How many times does each word appear in our *entire* corpus?

In [49]:
import itertools
from collections import defaultdict

total_word_count = defaultdict(int)
for word_id, word_count in itertools.chain.from_iterable(corpus):
    total_word_count[word_id] += word_count

In [46]:
# Sort the total_word_count w/ most common words first
sorted_word_count = sorted(total_word_count.items(), key = lambda w:w[1], reverse = True)

In [50]:
for word_id, word_count in sorted_word_count[:6]:
    print(dict.get(word_id), word_count)

( 20
) 20
tablet 17
for 11
by 10
mg 10


## TF-IDF

Determine which words in the corpus are important.
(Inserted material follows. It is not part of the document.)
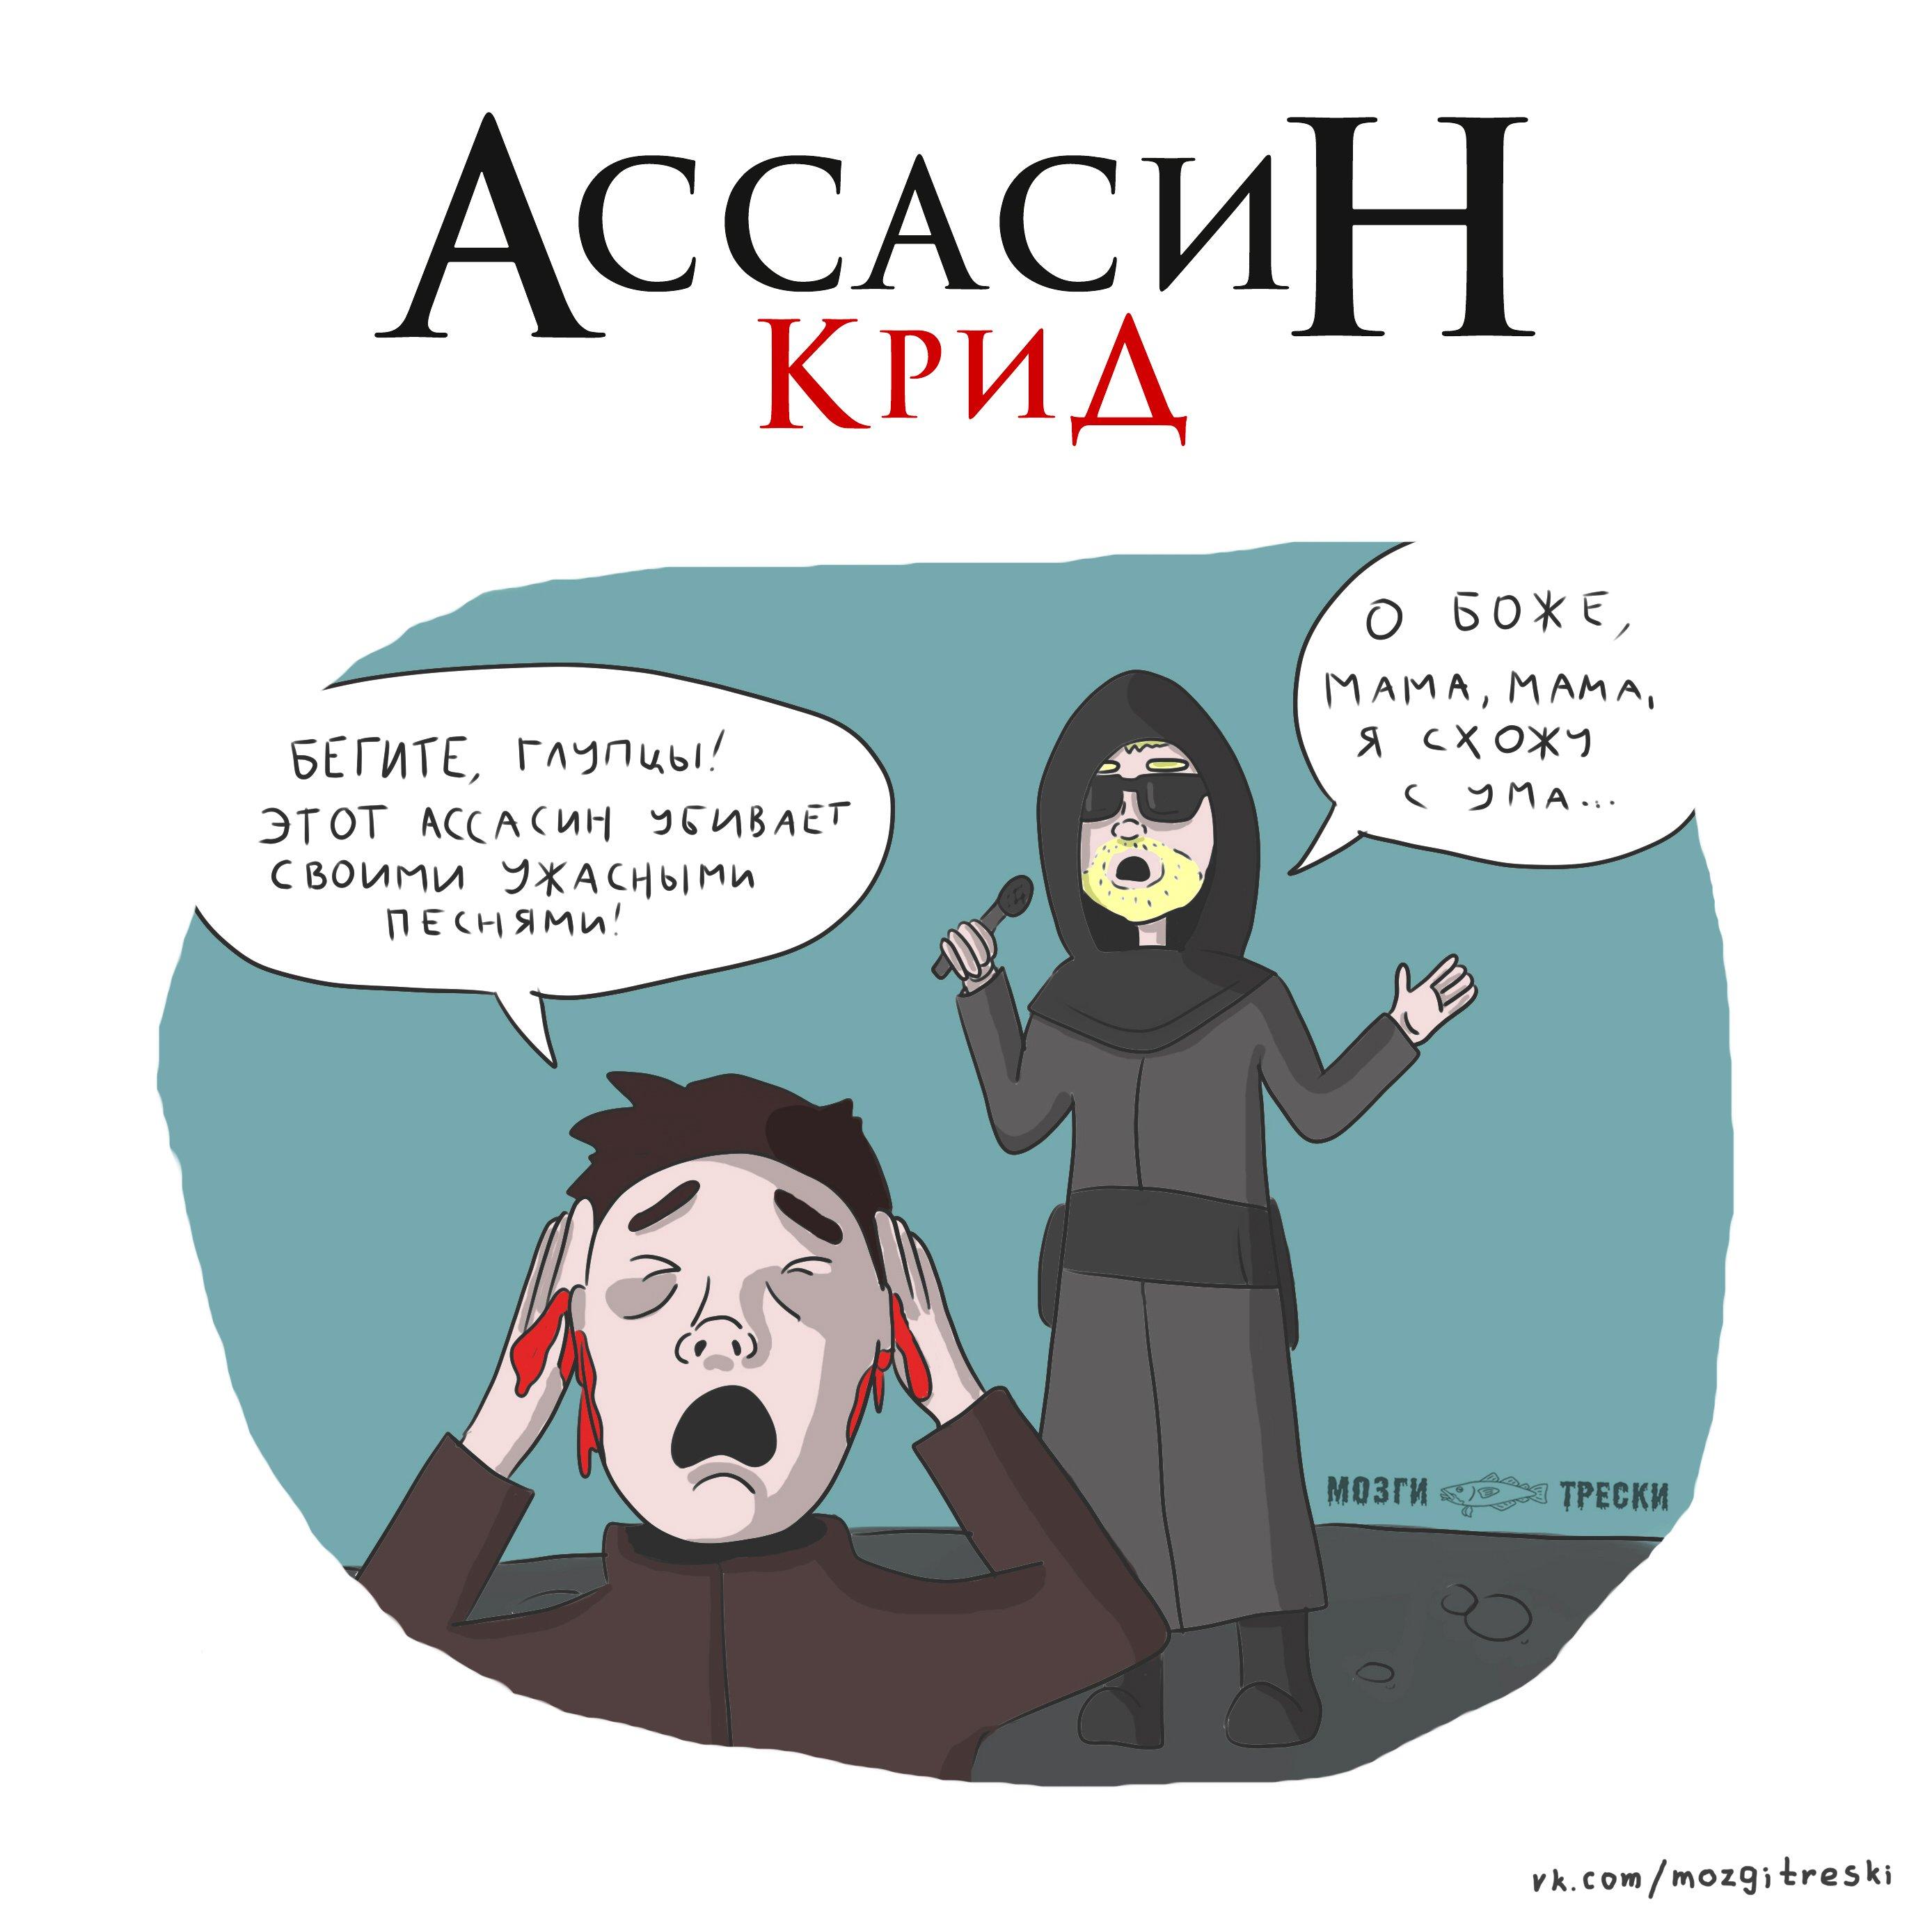 Названия известных игр по-русски. - Изображение 1

Downweight less important words, e.g. common words such as mg, the, by.

In [51]:
from gensim.models.tfidfmodel import TfidfModel

tfidf = TfidfModel(corpus)

tfidf[corpus[1]]

[(0, 0.030431918490774385),
 (1, 0.030431918490774385),
 (2, 0.15463304814088327),
 (3, 0.5203314451468743),
 (4, 0.6888618767345641),
 (5, 0.12901590119992506),
 (6, 0.2975463327876148),
 (7, 0.12901590119992506),
 (8, 0.12901590119992506),
 (9, 0.15463304814088327),
 (10, 0.25803180239985013)]

In [54]:
for word_id, score in tfidf[corpus[1]]:
    print(dict.get(word_id), score)

( 0.030431918490774385
) 0.030431918490774385
1 0.15463304814088327
30 0.5203314451468743
abilify 0.6888618767345641
by 0.12901590119992506
daily 0.2975463327876148
mg 0.12901590119992506
mouth 0.12901590119992506
one 0.15463304814088327
tablet 0.25803180239985013


As we would expect, "abilify" being the more unique of the words in this script has the highest tf-idf score.